Analysis of variance, controlling for age and sex.

Values are means ± SD.

In the combined group of subjects, PBMC telomerase activity tended to be positively correlated with normed HC volume (r=0.27, p=0.081) (Fig. 1). Within the MDD group, PBMC telomerase activity was significantly positively correlated with normed HC volume (r=0.44, p=0.034) (Fig. 1), but this relationship was not seen in the controls (r=0.12, NS) (Fig. 1). Controlling for the number of days between venipuncture and MR imaging did not alter these results.

Fig. 1.

Fig. 1

Relationship between peripheral blood mononuclear cell (PBMC) telomerase activity (Z-scores) and total hippocampal volume (normed to intracranial volume) in individuals with major depressive disorder (“MDD”) (black circles, solid line) and healthy controls (“Cont”) (open squares, dotted line). Statistical results are provided in the text.

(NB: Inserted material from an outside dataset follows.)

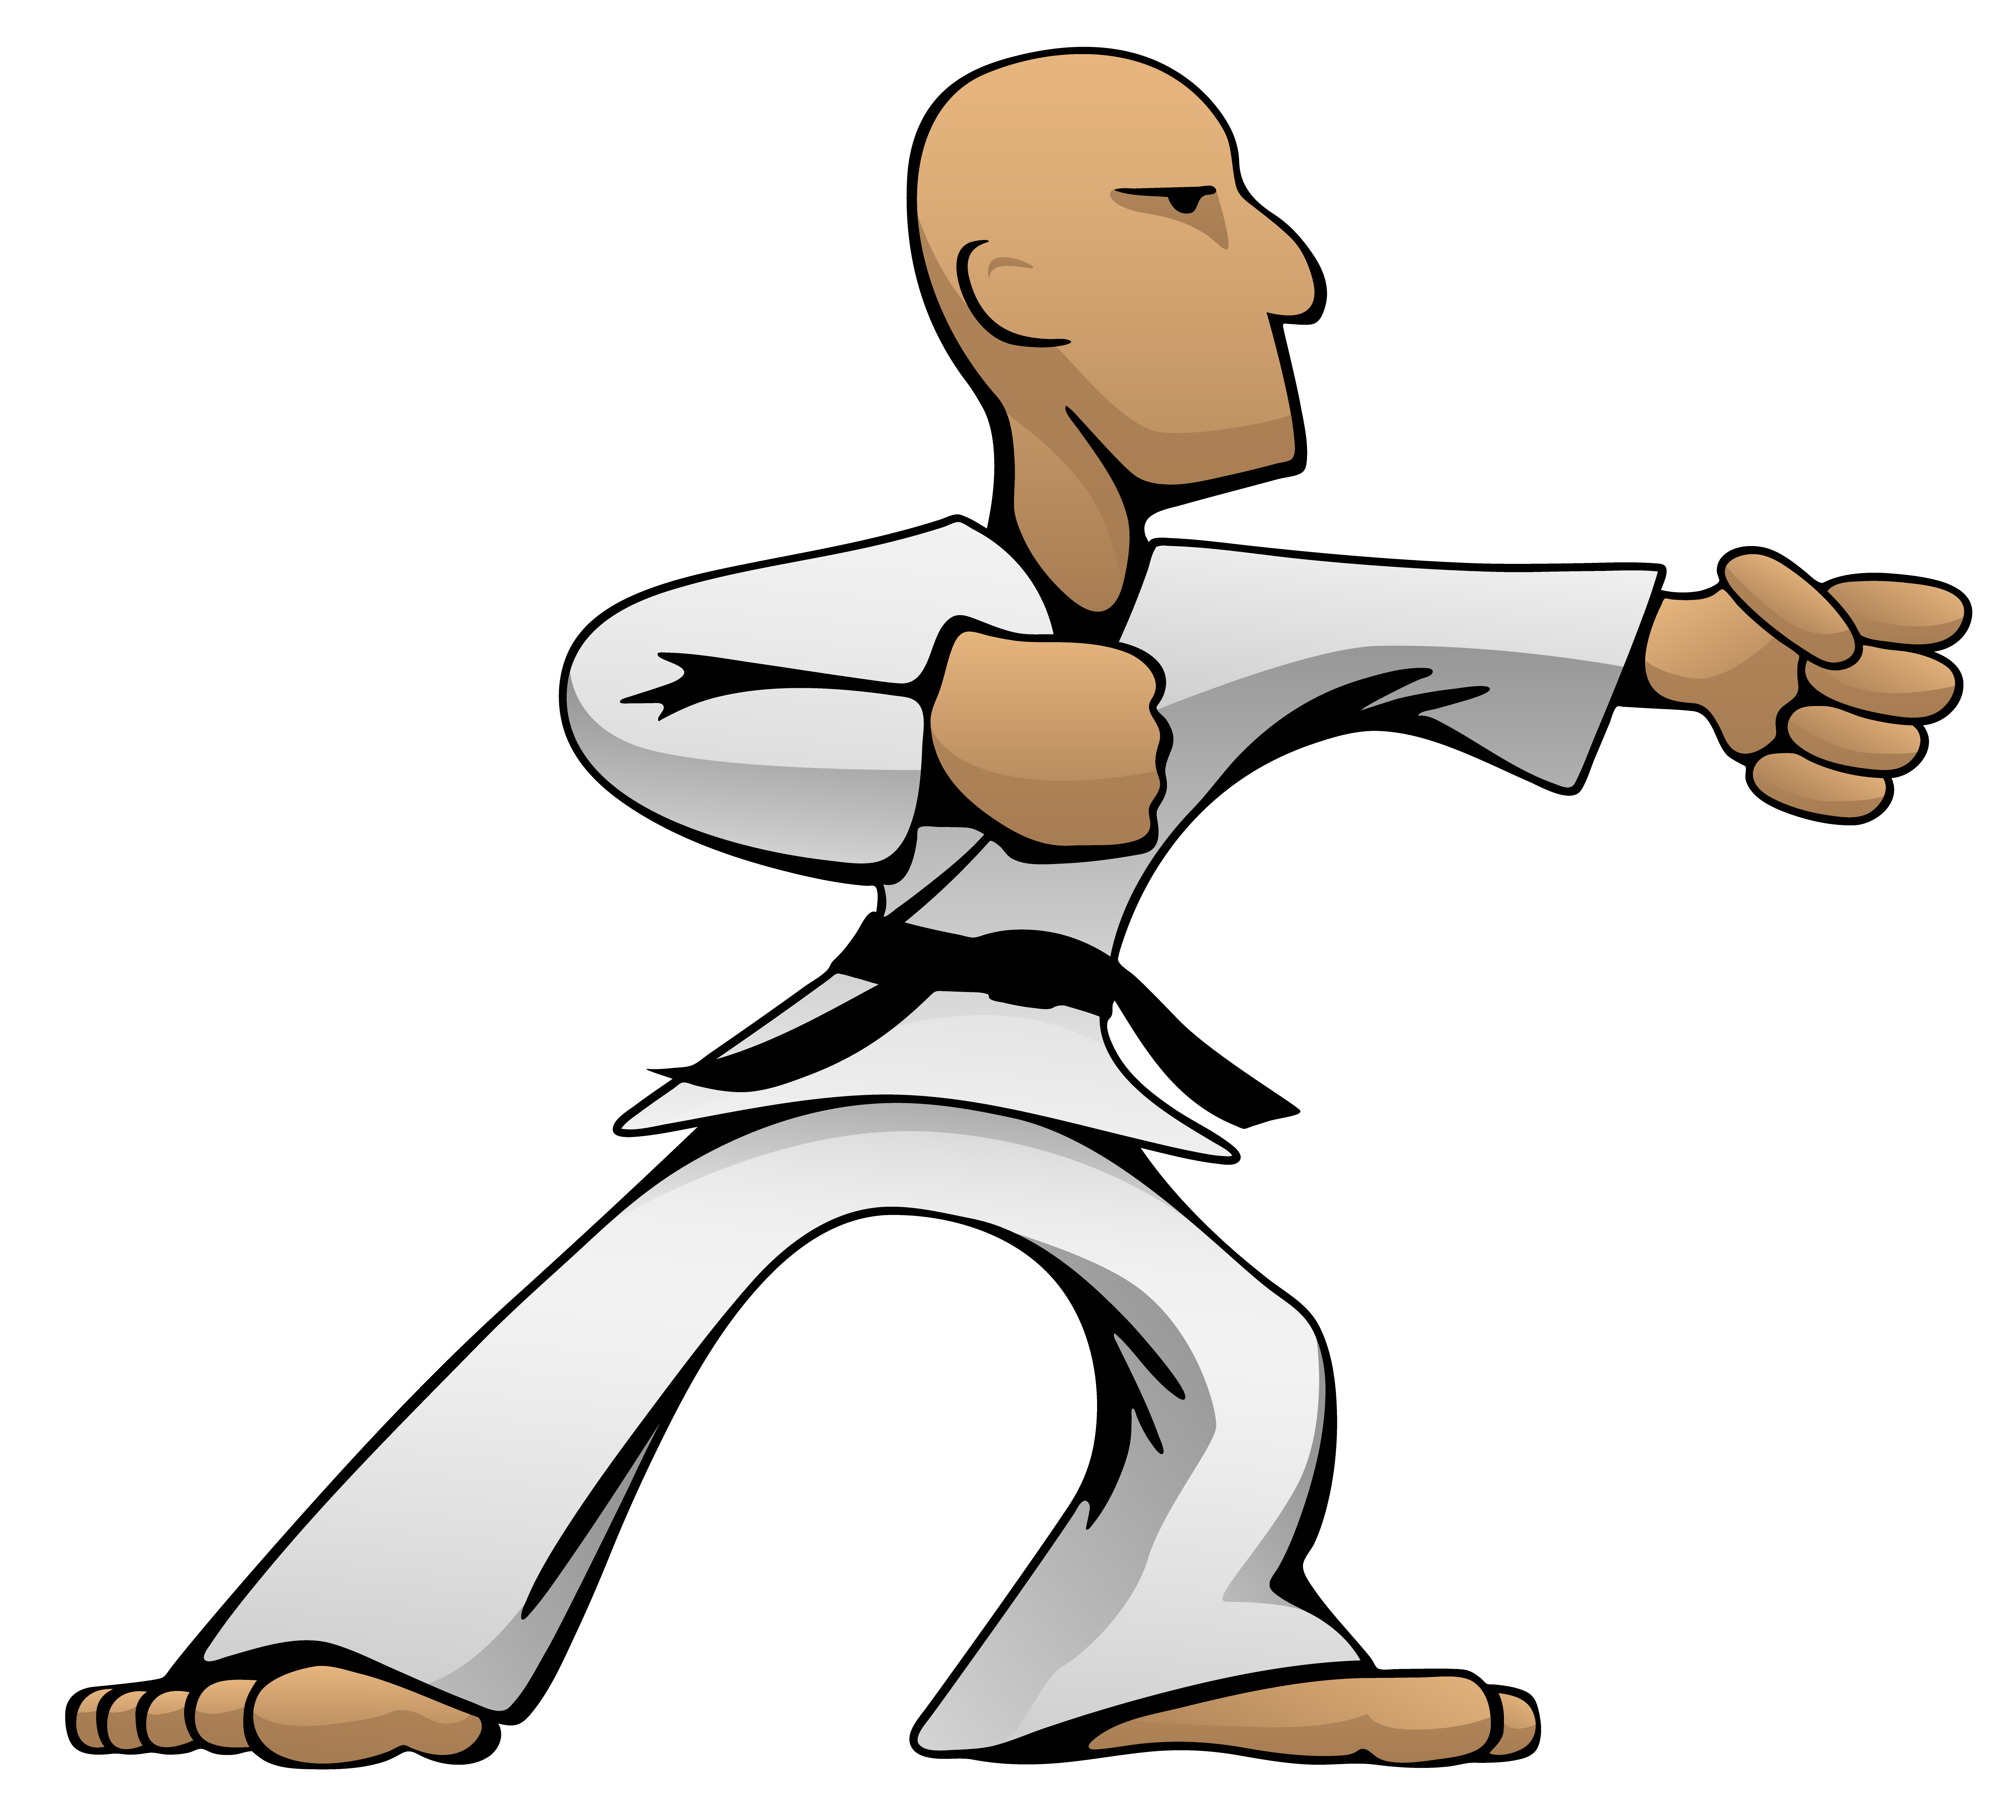 Martial Arts Karate Guy Cartoon Vector Illustration 345291 Vector Art

In the combined group of subjects, leukocyte telomere length was not significantly correlated with normed HC volume (r=0.02, NS) (Fig. 2). Within the individual MDD and control groups, leukocyte telomere length was also not significantly correlated with normed HC volume (r=0.05, NS, and r=0.35, p=0.15), respectively (Fig. 2). Controlling for the number of days between venipuncture and MR imaging did not alter these results.

Fig. 2.

Fig. 2

Relationship between leukocyte telomere length (Z-scores) and total hippocampal volume (normed to intracranial volume) in individuals with major depressive disorder (“MDD”) (black circles, solid line) and healthy controls (“Cont”) (open squares, dotted line). Statistical results are provided in the text.

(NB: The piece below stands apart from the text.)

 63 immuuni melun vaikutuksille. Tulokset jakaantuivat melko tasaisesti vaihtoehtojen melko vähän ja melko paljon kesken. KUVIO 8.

In exploratory analyses, we controlled for variables that could potentially affect cell aging markers and as well as HC volume. Controlling for plasma IL-6, overnight urinary free cortisol and plasma F2-isoprostanes, singly as well as together, did not appreciably affect our results and did not alter any of the reported significance tests.

4. Discussion

We found that PBMC telomerase activity is significantly and positively correlated with HC volume in unmedicated individuals with MDD, but not in healthy controls. On the contrary, we found no significant relationship between leukocyte telomere length and HC volume in either group. To our knowledge, this is the first study to examine either of these relationships in MDD. These findings add to a growing body of evidence that aspects of the telomere/ telomerase maintenance system are different in MDD vs. controls (Simon et al., 2006; Lung et al., 2007; Hartmann et al., 2010; Hoen et al., 2011; Elvsashagen et al., 2011; Wolkowitz et al., 2011a; Wikgren et al., 2012b; Wolkowitz et al., 2012; Verhoeven et al., 2014), and that PBMC telomerase activity is related to brain variables relevant to MDD (Honig et al., 2006; Martin-Ruiz et al., 2006; Canela et al., 2007; Grodstein et al., 2008; Mather et al., 2010; Valdes et al., 2010; Devore et al., 2011; Yaffe et al., 2011; Der et al., 2012; Wikgren et al., 2012a; Ma et al., 2013; Jacobs et al., 2014). The explanation of these relationships, however, is not clear, since the relationship between peripheral cell aging markers and HC telomerase activity (which could potentially increase HC volume, as described below) is not known.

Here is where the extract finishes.